11 August 2014

U.S. GOVT THE BIGGEST TERRORIST - The United States’ biggest 'allies' are funding ISIL






Saudi Arabia, Kuwait, Turkey and Qatar -- three of the United States’ biggest allies in the region 
-- are bankrolling ISIS terrorists.


US President Barack Obama’s authorization of airstrikes on ISIS targets in Iraq serves as an opportunity to remind ourselves which countries are bankrolling the deadly terror group.

The answer: Saudi Arabia, Kuwait, Turkey and Qatar – three of the United States’ biggest allies in the region.

Last night Obama announced limited airstrikes to slow the advance of ISIS fighters and help members of the Yazidi religious minority group who were forced to flee into a mountainous region in the north of Iraq to avoid slaughter.

However, the administration has failed to put pressure on several (Persian) Gulf states that are directly responsible for helping ISIS gain a foothold in Iraq in the first place.

As the Daily Beast’s Josh Rogin documents, “The Islamic State of Iraq and Syria (ISIS), now threatening Baghdad, was funded for years by wealthy donors in Kuwait, Qatar, and Saudi Arabia, three US allies that have dual agendas in the war on terror.”

In addition to funding itself through criminal activity and punitive taxes imposed on the local population on pain of death, ISIS relies on a steady stream of income from countries that have bankrolled extremists… for years yet have faced zero backlash from successive White House administrations. Even evidence of direct Saudi involvement in 9/11 failed to generate any reconsideration of who America calls its friends.

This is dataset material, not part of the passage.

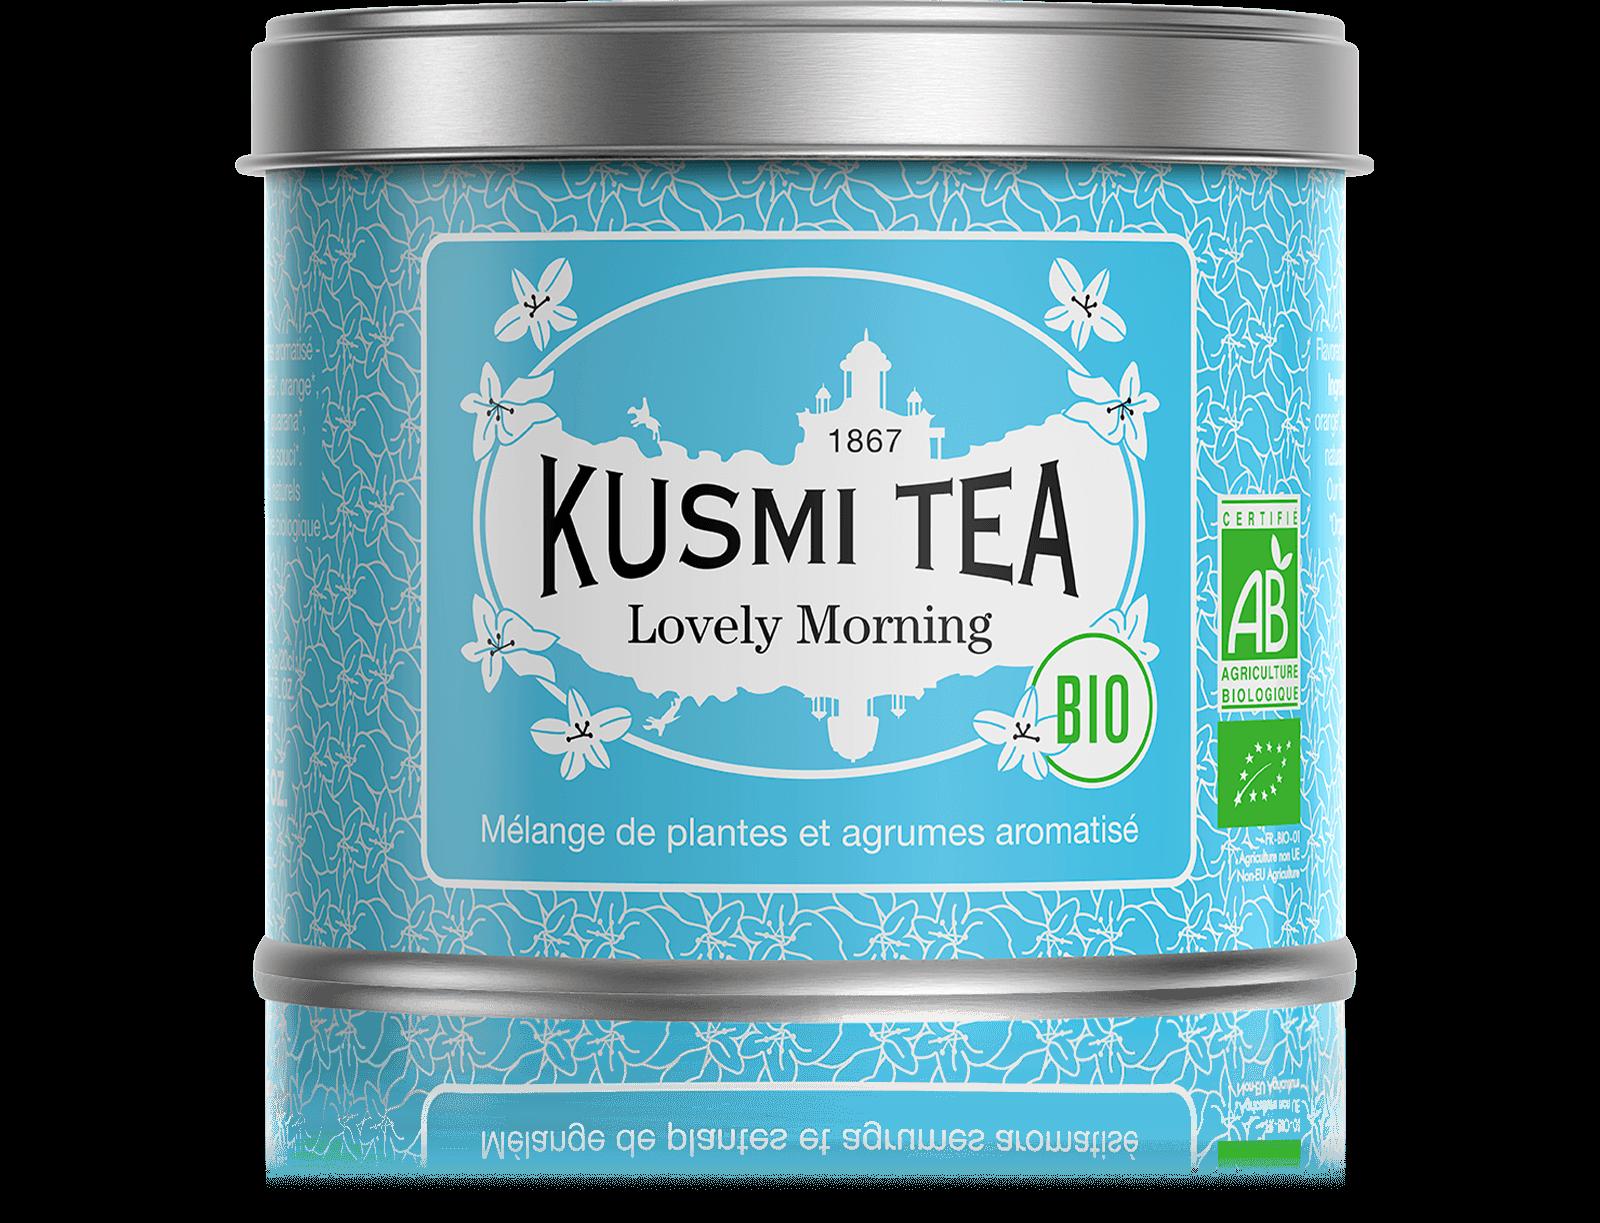 Thé vert, maté - Lovely Morning bio - Vrac - Kusmi Tea

“Everybody knows the money is going through Kuwait and that it’s coming from the (Persian) Gulf,” said Andrew Tabler, senior fellow at the Washington Institute for Near East Policy. “Kuwait’s banking system and its money changers have long been a huge problem because they are a major conduit for money to extremist groups in Syria and now Iraq.”

State backing for ISIS, now the wealthiest terror group in the world, prompted Iraqi Prime Minister Nouri al-Maliki to point the finger directly at Saudi Arabia and Qatar during a France 24 television interview. “I accuse them of inciting and encouraging the terrorist movements. I accuse them of supporting them politically and in the media, of supporting them with money and by buying weapons for them,” said al-Maliki.

In failing to call these countries to account for funding ISIS, the White House has deliberately placed the importance of isolating Iran and Syria over and above the stability of the entire region.

The White House is also directly responsible for the spread of ISIS militants having backed other rebel groups in Syria which were once allied with and then taken over by ISIS.

Indeed, some evidence suggests that the US even trained some of the fighters who went on to join ISIS at a secret base in Jordan in 2012.

Aaron Klein was told by Jordanian officials that, “dozens of future ISIS members were trained at the time as part of covert aid to the insurgents...”

Yet another US ally – Turkey – also trained ISIS fighters at a location in the vicinity of Incirlik Air Base near Adana.

According to a source close to Iraqi Prime Minister Nouri al-Maliki, the Obama administration turned a blind eye to the fact that Turkey was equipping and then sending fighters to Syria before they went on to Iraq. The source even went on to accuse the White House of being “an accomplice” in the ISIS takeover of major Iraqi cities.

Whether or not the “humanitarian” airstrikes on Iraq are really aimed at stopping the terror wrought by ISIS, or are merely part of a ploy to create a justification for a long-awaited attack on Syria, the White House itself, as well as some of America’s closest supposed allies, all share some of the blame in aiding the growth of ISIS in the region.